Voltan seemed to shrug, though his shoulders didn’t move. “As you know it may carry the one called Horus, the one Kang wants so desperately to kill. Kang is determined to find and finish his foe. When he saw the ship waiting he demanded we destroy it—”
“Do not destroy it,” Cee spoke too loudly. She calmed. “As I say, it might hold clues to Anitra and perhaps even other worlds. Its technology is valuable. Capture it if at all possible.”
“Yes, my queen.” Voltan sounded less than enthusiastic. “Kang is not happy with me at the moment, if indeed he ever was. I’ve mostly ignored his demands and have instead kept our fleet on task.” He added: “Kang wants Horus with a vengeance. His mind has shifted fully to this.”
“Inform our dear Kang I support him in the killing of his enemy. We will do what we can. Perhaps that will appease him.” Even as she said it Cee realized appeasing the demon would be no easy feat.
Voltan consented.
“So what of the invasion?” Cee reclined. “Based on your assessment, what is the next step?”
Her Praetor stood straighter. Voltan was a tall, broad Kel, and as he dominated the screen she knew, despite their friction, he was the best man for this particular job.
“Earth is complex,” he said. “Vastly so. They are coordinated among themselves, but in a very loose way, and only at the most basic level. Where it matters, faced with a global threat of this nature, that very lack of coordination will hurt them. However, due to their complexity we are still evaluating the best course of action. Their systems are dispersed and quite unique. As such that redundancy becomes a strength. There may be no surgical strike option that brings them down neatly. We’re working to lock in everything we can before taking action. As I say, there is no immediate threat.
“I’ve issued a standard demand for surrender. Global in nature. There has been, as expected, no immediate response. Not from a credible source. It seems there is no shortage of people on this world making an effort to communicate with us. I will next make a direct address to their leaders.
“I do not expect them to surrender.”
“And so what is your plan?”
“Based on how they do respond I may offer alternatives, or I may make examples.” Voltan’s expression changed slightly and he seemed to be reviewing thoughts he hadn’t yet organized. “We know nothing of these Fetok. Only what we can directly observe. But I have a feeling, based on what little we’ve seen so far, that they will not go quietly. To caution you: this invasion may not be completely about force. Force will play a part, no doubt. Probably the greater part. Yet, this very complexity that impedes them may well empower them. We shall see.”

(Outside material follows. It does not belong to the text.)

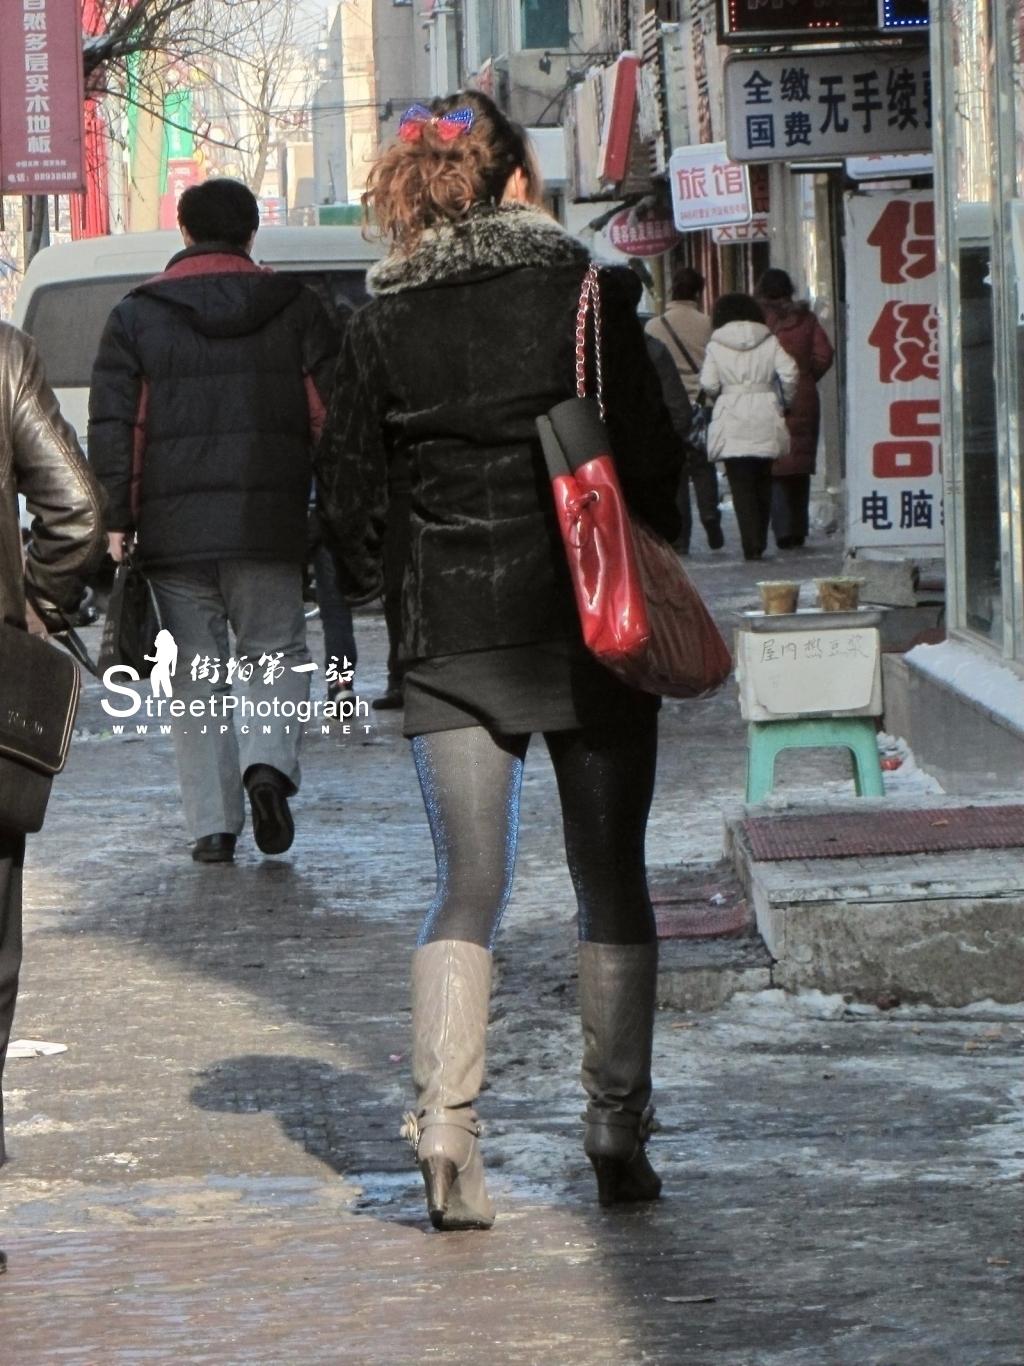 彩 丝 美 女  神话作品 0174 闪亮厚蓝丝 [12P] 街拍第一站全网原创独发!

“They will fold before us,” Cee had confidence in abundance, even if Voltan displayed caution. Overwhelming force was always a solution. “This is the conquest of our first new colony, my Praetor. Relish the moment.” It was exhilarating to be talking to him in real-time, so far away, in another star system, on a march of conquest to add a new world to the Kel rule. The first world outside their own in a long, long time.
“I am, my queen,” he said, though it didn’t sound as if he was. There was no “relish” in his tone. “This operation will have its challenges, but in the end there is no doubt we will win the day.”
“Go, then,” she said. “Make your address.”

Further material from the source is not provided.